Development Bottlenecks: Setting up multiple non-production environments for testing and development was cumbersome and time-consuming.
Inconsistent Environments: Differences between development, testing, and production environments led to unexpected issues during deployments.
We realized that our current infrastructure wouldn't sustain our growth trajectory. We needed a solution that could scale with us, improve efficiency, and support rapid development cycles.
Our Weapons of Choice: Containerization, IaC, and CI/CD
Embracing Docker
We began by Dockerizing all our services. This process involved:
Creating Docker Images: Packaging each application with its runtime, libraries, and configurations.
Standardizing Environments: Ensuring that every environment—development, testing, production—ran the same container images.
Docker solved many of our consistency issues, but we still needed a way to manage these containers at scale.
Enter Kubernetes
With the challenges that we faced, it was a no brainer for us - Kubernetes.
Why Kubernetes?. Because it offered:
Automated Deployment and Scaling: Easily deploy applications and scale them up or down based on demand.
Self-Healing Capabilities: Automatically restart failed pods and reschedule them when nodes die.

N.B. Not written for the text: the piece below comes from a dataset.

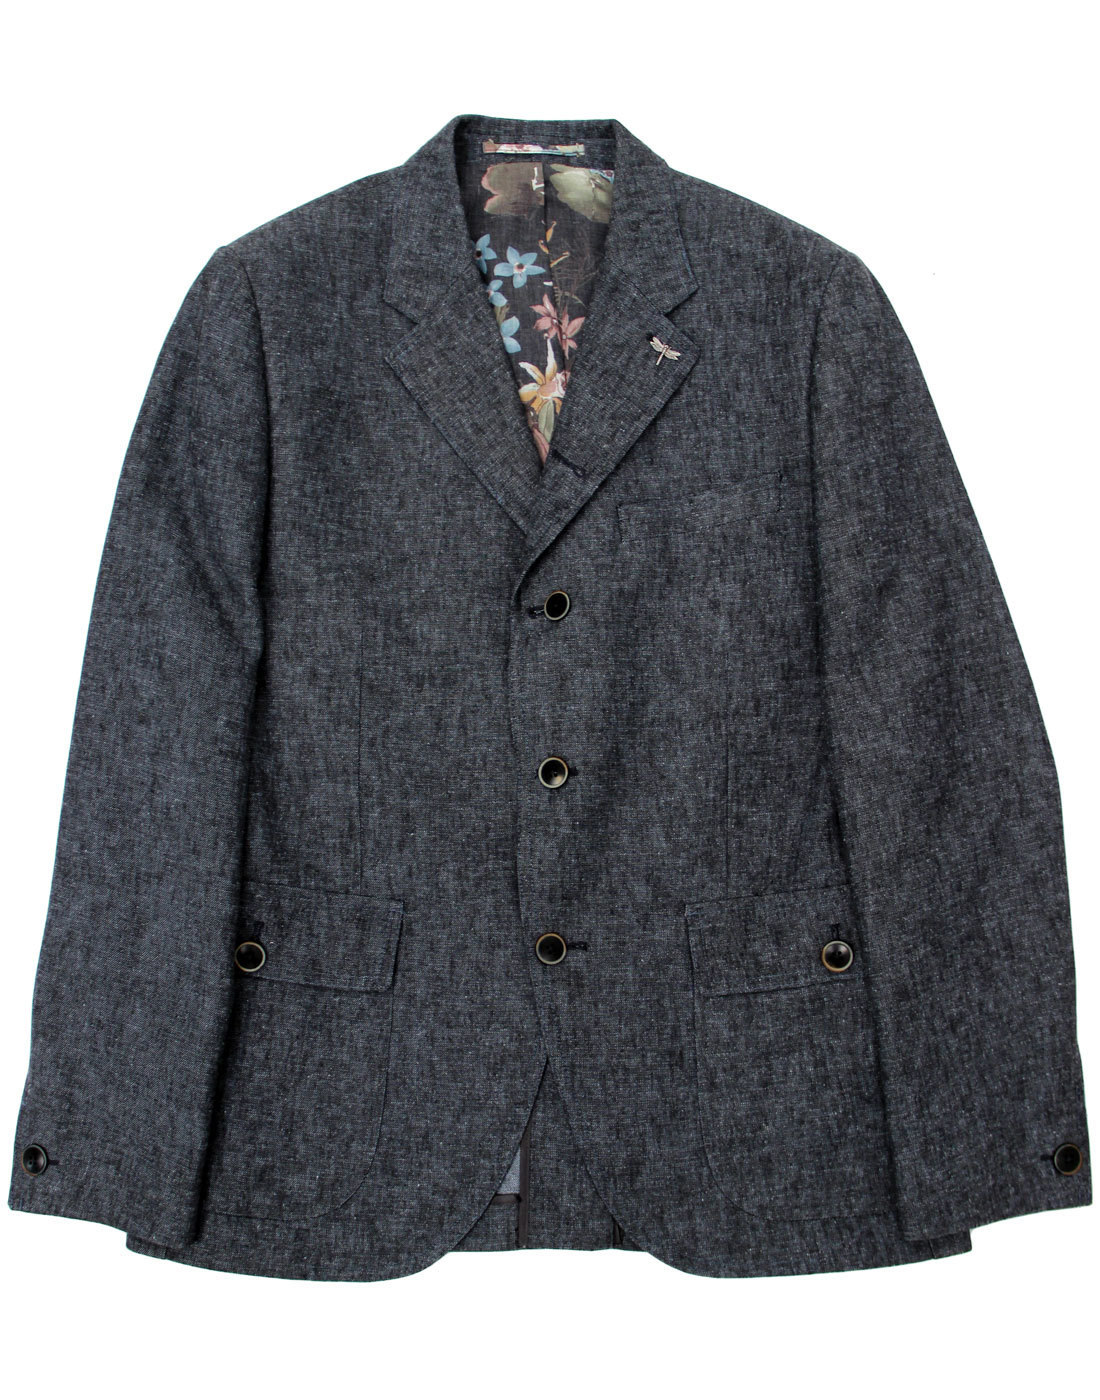 GIBSON LONDON Grouse Retro Mod Denim Linen Fleck Blazer Jacket

Declarative Configuration: Manage infrastructure through code, making it easier to replicate environments.
Pulumi for the win!
As our infrastructure grew, manual provisioning of infrastructure became cumbersome. We need a Infrastructure as a Code solution to keep up with our growing requirements. Terraform was not even considered since that was moved from an open source to a business source license last year.
Why Pulumi? Because it allowed us to:
Use a Familiar Language: The Go programming language was used. Although there is an initial investment where it takes a bit longer to setup compared to a untyped programming language like Python or JavaScript, but once done correctly, the velocity is much, much better. Go was my personal preference, even TypeScript is a good option.
Version Control: Keep track of the new additions / changes that are made to the infrastructure.
Velocity: You would think that provisioning infrastructure is faster and easier through the GUI, but its really not. Once you have a maintainable codebase that oversees your entire infrastructure, with just a single command, multiple components across different services can be easily created.
Pulumi enabled us to automate, standardize, and scale our infrastructure efficiently, reducing errors and improving consistency across environments.
Streamlining CI/CD with Jenkins
With all our microservices Dockerized and running on Kubernetes, we needed a robust CI/CD solution to handle continuous integration and deployment. Jenkins was the clear choice for us due to its flexibility and large ecosystem of plugins.
Why Jenkins? Because it offered:
Automated Builds and Tests: Each commit triggered automated builds and tests across all microservices, ensuring that only reliable code made it to production.
Seamless Integration with Kubernetes: Jenkins pipelines were configured to deploy applications directly to our Kubernetes clusters, simplifying the deployment process.
Scalable Pipelines: We used Jenkins agents to handle the parallel builds and deployments of multiple microservices, making the entire process fast and efficient.
Jenkins enabled us to maintain a smooth and reliable deployment process, ensuring that our services could be deployed frequently and without manual intervention.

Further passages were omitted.